The spanks are just beginning. Let’s follow her out to San Francisco via The Deseret Evening News, September 22, 1877: “Five sailors of the ship Ocean King, from this port for San Francisco, have been arrested for mutiny.”

These happy campers might have been enough to give her a black eye, but seven years later, a fresh gust of ill wind filled her sails as J. H. Sears & Co. went out of business and was forced to sell her to William P. Ellison.

It’s long been a superstition that appearing prematurely on the cover of Sports Illustrated is a guarantee of snuffed fame, but you tell me the Ocean King wasn’t the Mark “The Bird” Fidrych of clipper ships after you catch a glimpse of her in 1887, during the last chapter of her weird, wild afterlife, hauling coal out of Nanaimo, British Columbia, for her new port of Coos Bay, Oregon, in a horrible gale. The rakish clipper crashed into the rocks and “caught fire, it is thought, from the galley stove,” the Port Townsend, Washington, newspaper reported. “Every attempt was made to quench the flames” before her crew deserted her, and she went down!
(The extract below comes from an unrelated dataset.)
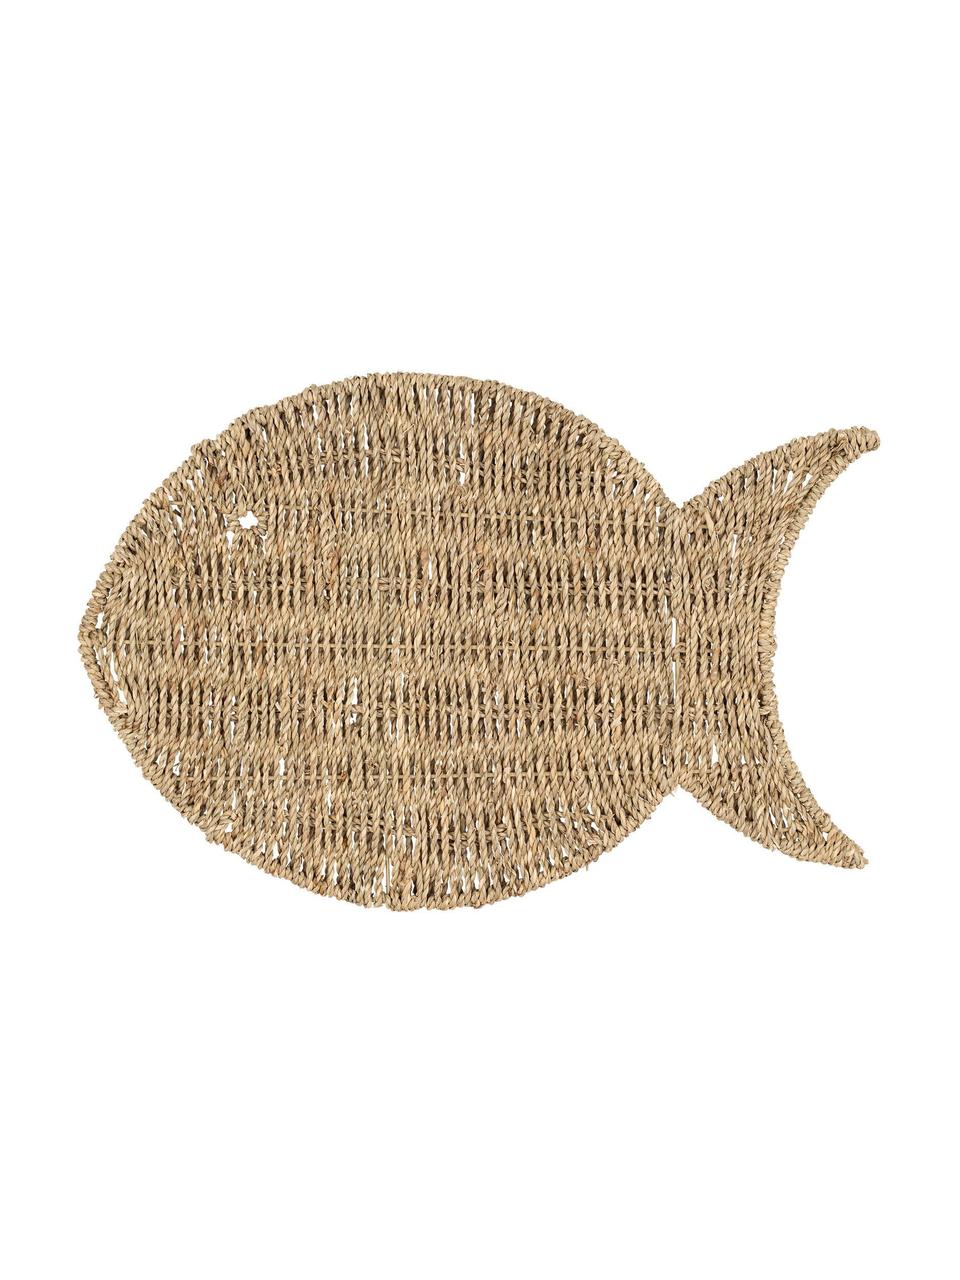 Podkładka z trawy morskiej Fish, Trawa morska, Jasny brązowy, S 30 x D 45 cm
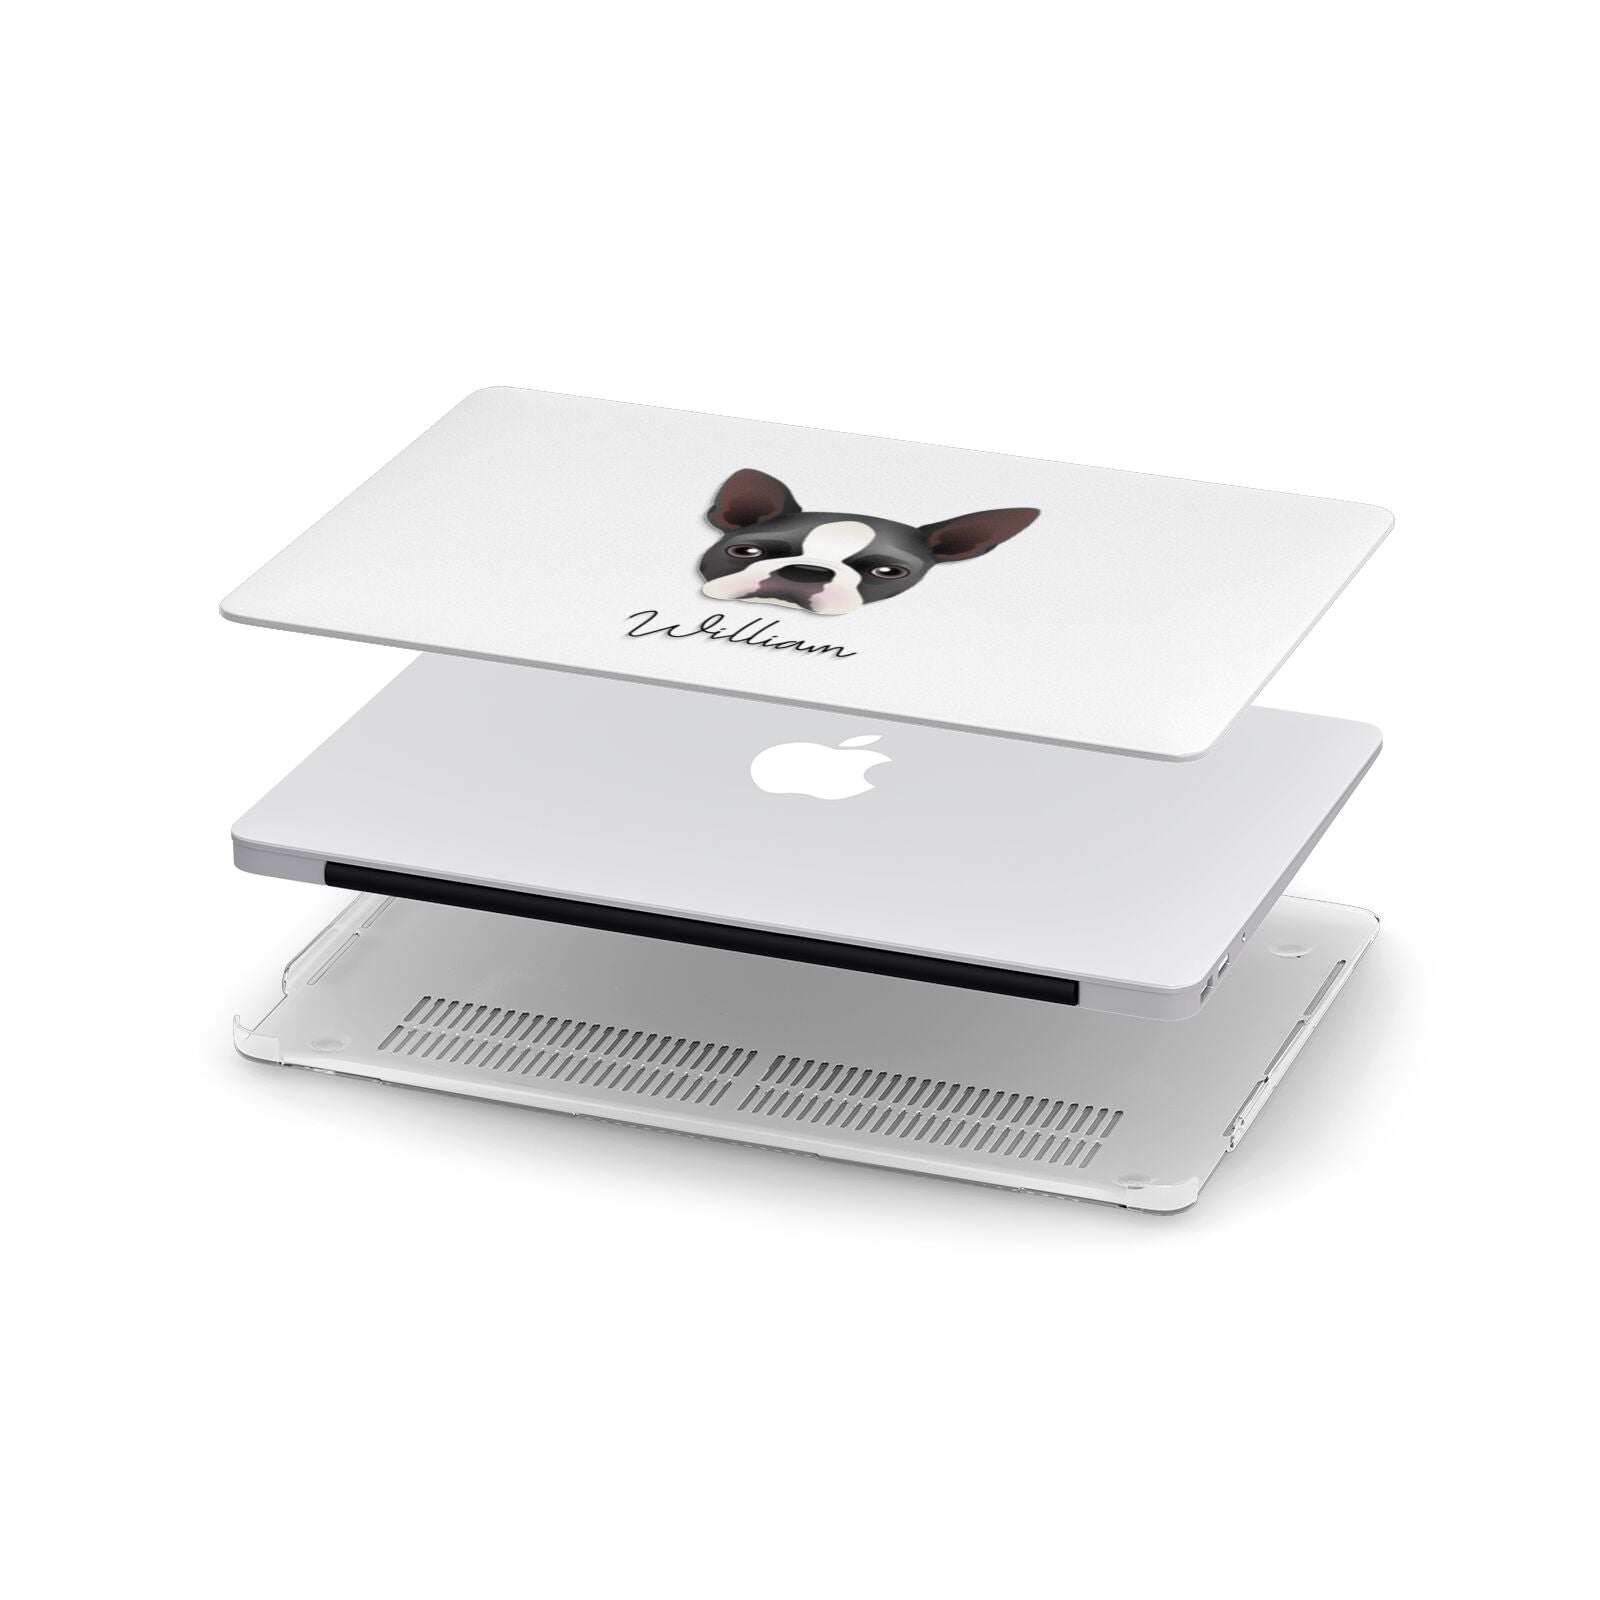 Boston Terrier Personalised Apple MacBook Case in Detail

“Mommy, the scary ship on my place mat is sinking straight to hell in a fiery inferno!”

We’re missing the Broadway dactyl. According to devils familiar with the matter, one “Special Agent Tingle, of the Treasury Department” seized the $1,000 check the Ocean King’s captain had generously given (mistakenly, the Ocean King’s agent Capt. Knowles claimed later) to Charles Soderstrum of the schooner Angel Dolly, in payment for rescuing him and his crew. Bad ship, no tip.